Palacio de Raxoi (Rajoy palace) – Building of the XVIII century, it was built to host the city council, a jail, a seminary and the residence for the children of the choir. It was built under the classic canons. At the top, there’s a sculpture of St. James riding his horse and fighting with the Arabs.
Palacio de Xelmírez (Gelmírez Palace) – Built in the XII and XIII centuries, it’s the current home of the archbishop of Santiago. It’s a great example of the Romanesque civil architecture.
Praza da Quintana (Quintana Square) – This is the square situated at the other side of the Cathedral. It’s divided in two, Quintana dos Mortos, just until the staircase and Quintana dos Vivos, the upper side. In the past it served as cementery and market. There’s a legend that tells that if you’re at this square alone at midnight, you will be able to see all the deads there buried.
Praza de Praterías (Silversmith’s Square) – Close to the Quintana, it has a well-known fountain and it offers one of the best sights of the Cathedral.

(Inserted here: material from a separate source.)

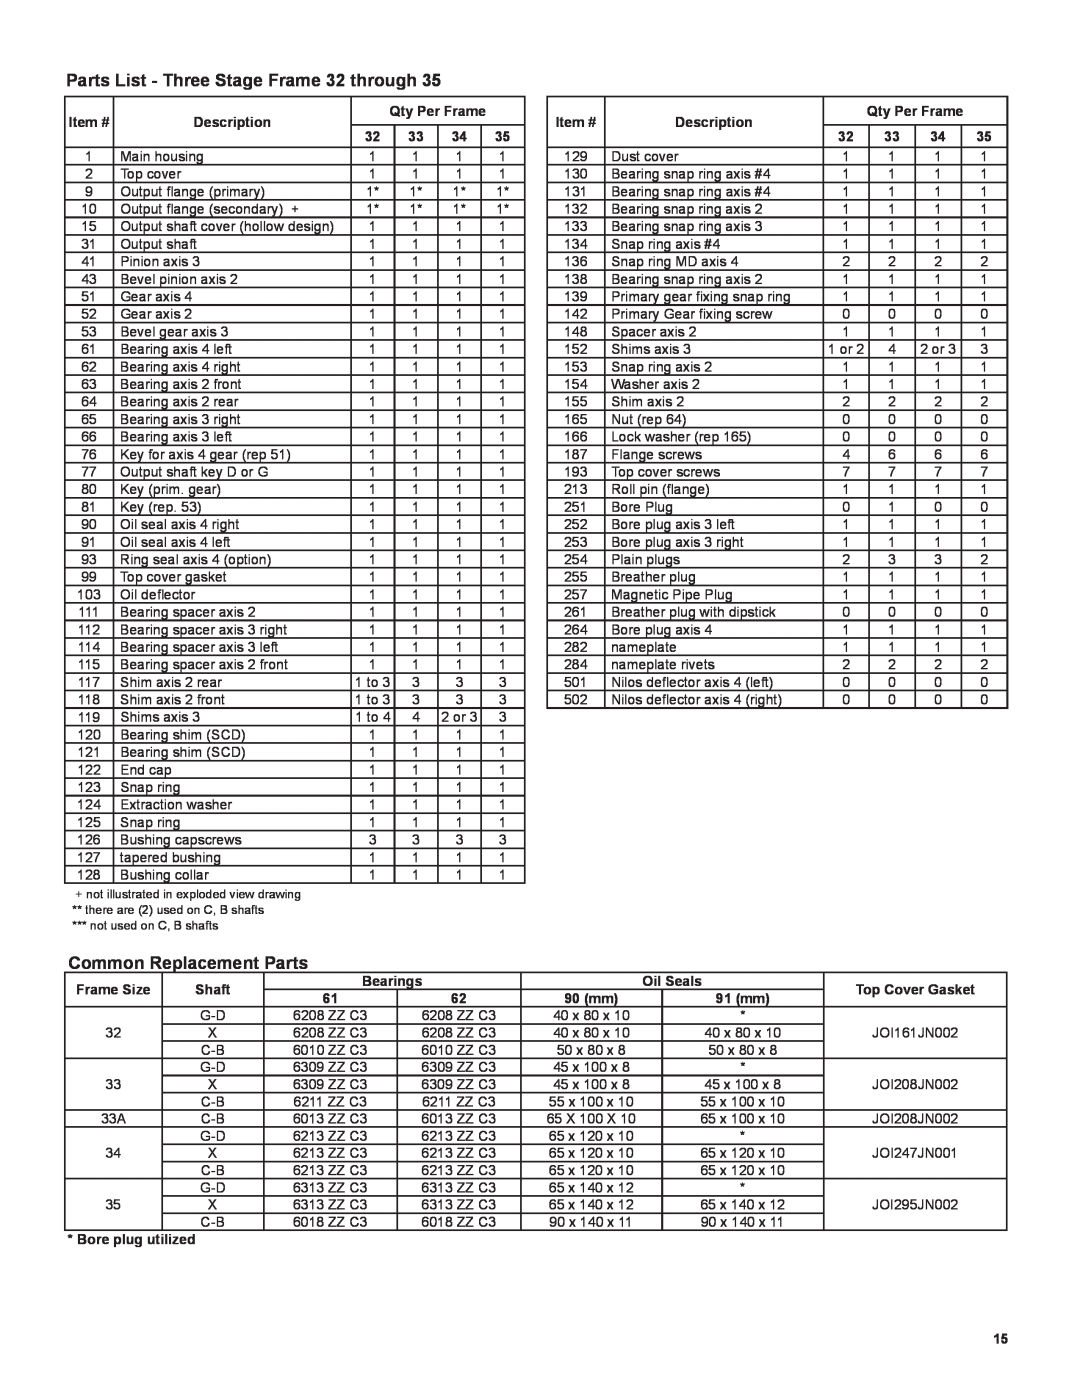 Emerson 3000 Parts List - Three Stage Frame 32 through, Common Replacement Parts, Description, Item #, Frame Size 
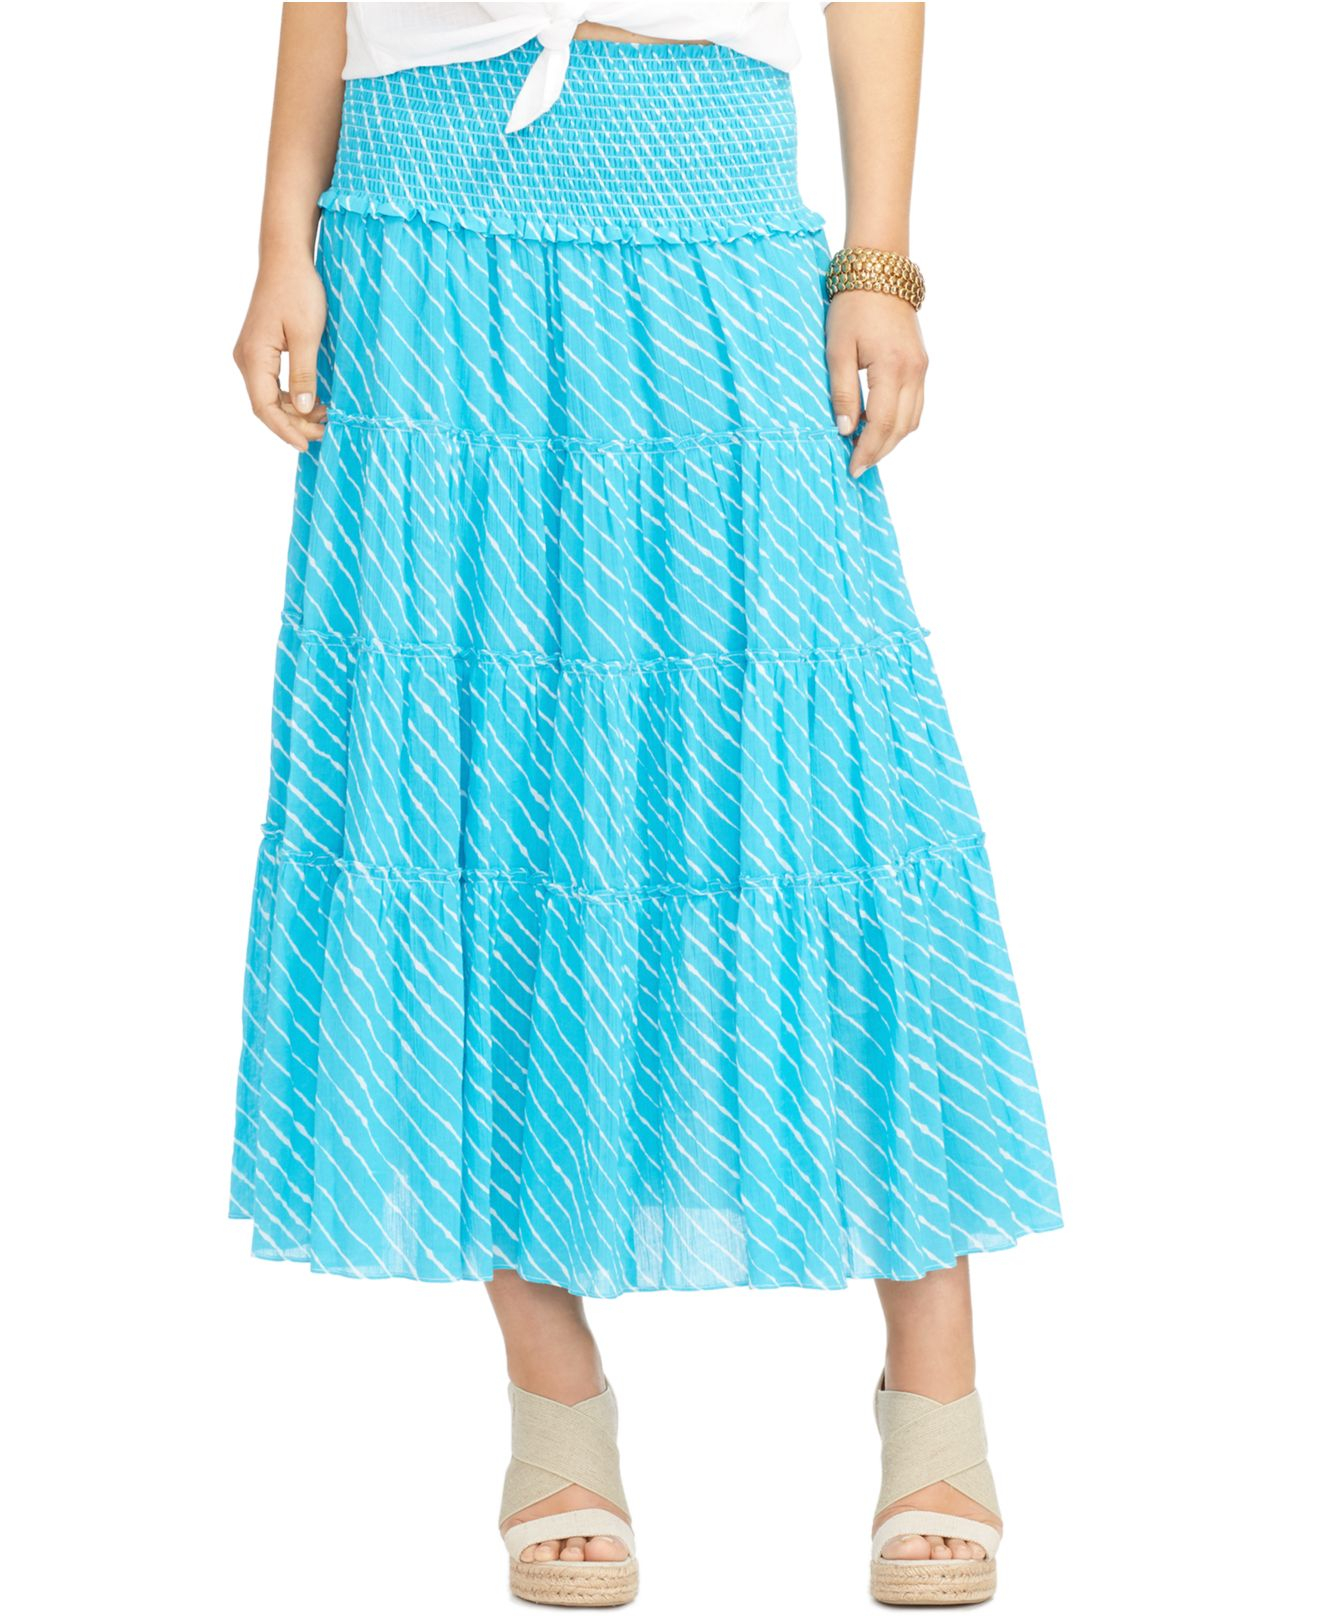 Lauren by ralph lauren Tiered Striped Skirt in Blue | Lyst

Monasterio de San Martiño Pinario (San Martín Pinario Monastery) – Benedictine monastery of the XI century. The current building is baroque. It’s one of the most emblematic buildings of all the city. It’s situated in the Praza da Inmaculada.
Casa da Parra (Parra House) – Situated at the Quintana dos Vivos, this building has the typical chimney of the XVIII century.
Praza de Abastos (City Market) – The second most visited monument. This market is the typical Galician market and one of the biggest all over Spain. It’s the perfect place to buy some fresh seafood, vegetables and meat.
Cidade da Cultura (City of Culture) – Eisenman’s ambitious project in the outskirts of Santiago. Yet to be finished, but impressing especially for those interested in architecture. It consists of a museum, a library, cafeteria and archives, which are all open and functioning at present. Buses run every hour (line 9) from the centre of the city. Guided tours are available for free.